**Action item:**
Reproduce the listing below word for word, with no pictures.

**Information provided:**
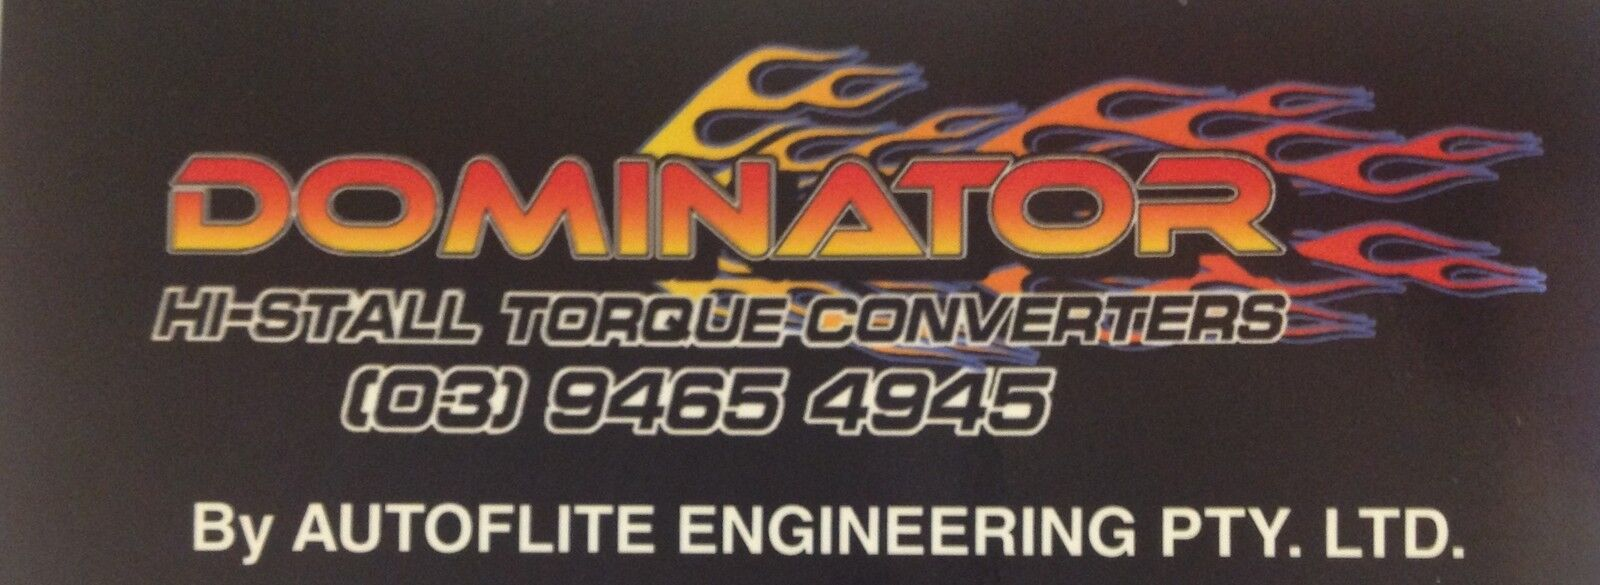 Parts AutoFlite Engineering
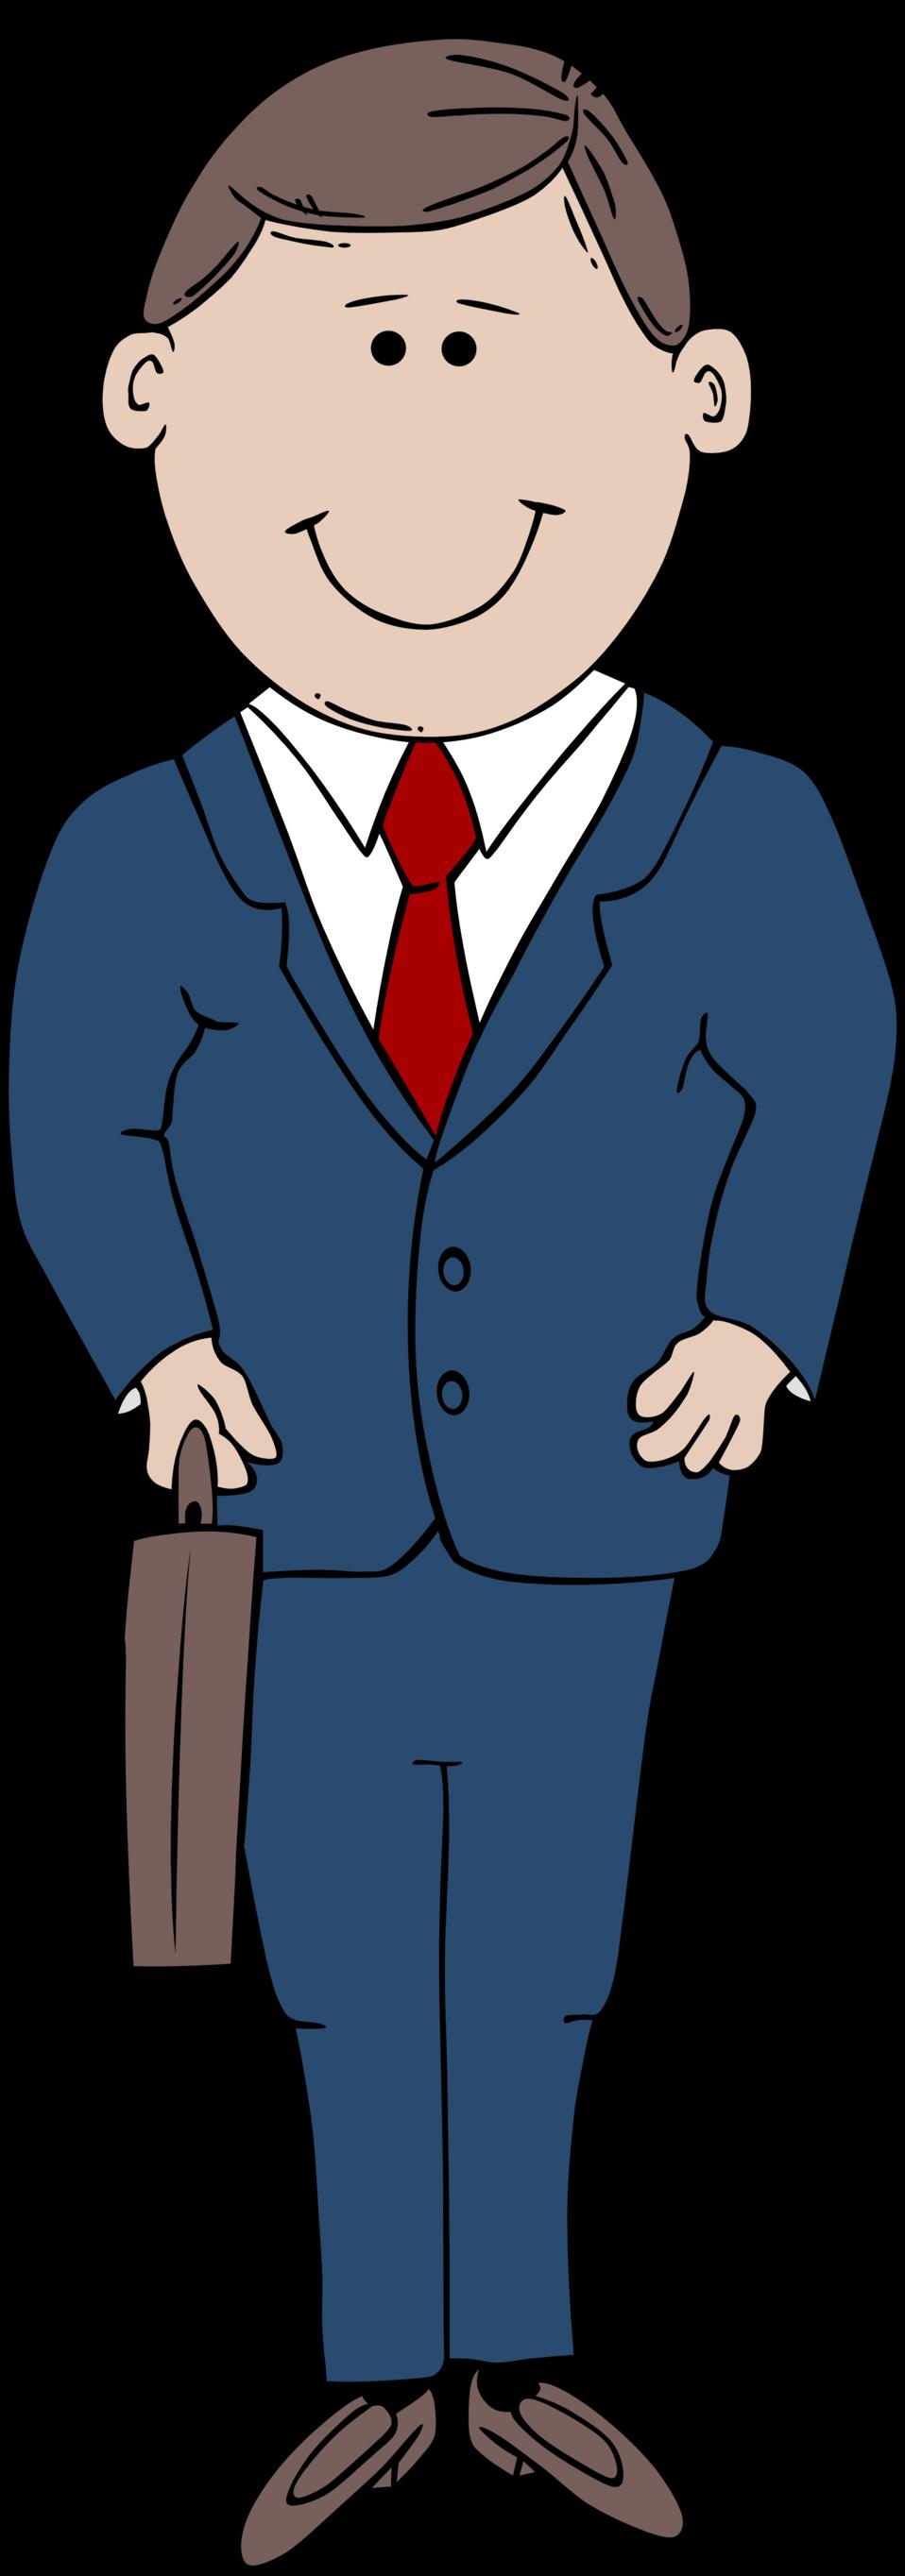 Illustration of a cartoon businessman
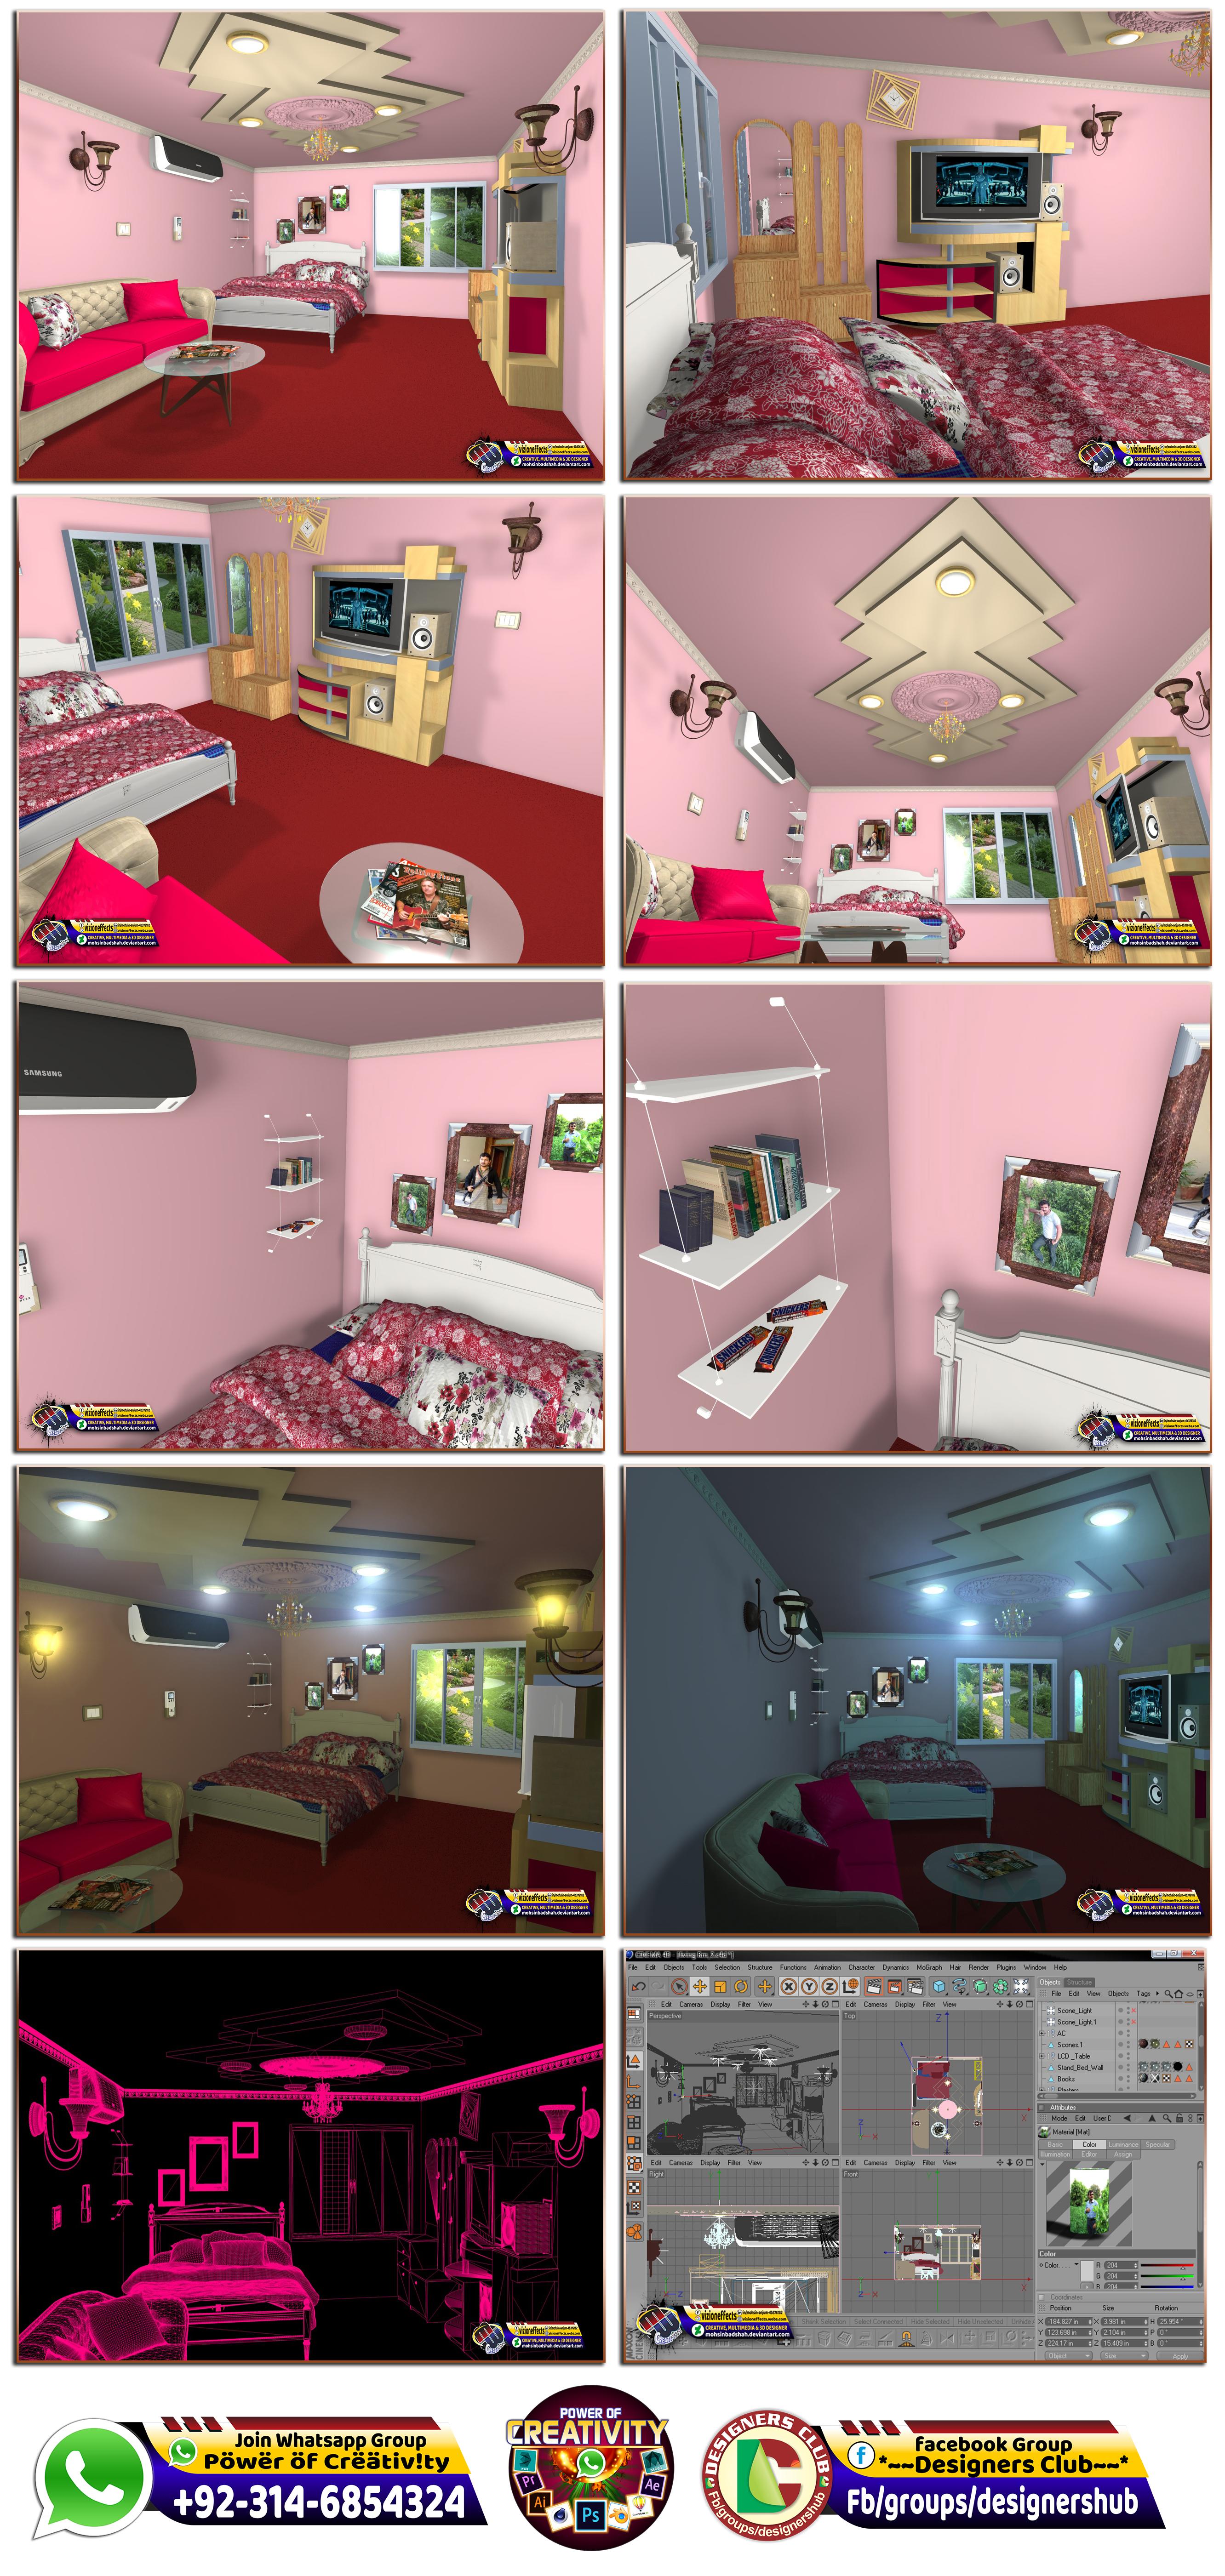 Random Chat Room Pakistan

**Reply to the task:**
 Parts AutoFlite Engineering
 Illustration of a cartoon businessman
 Random Chat Room Pakistan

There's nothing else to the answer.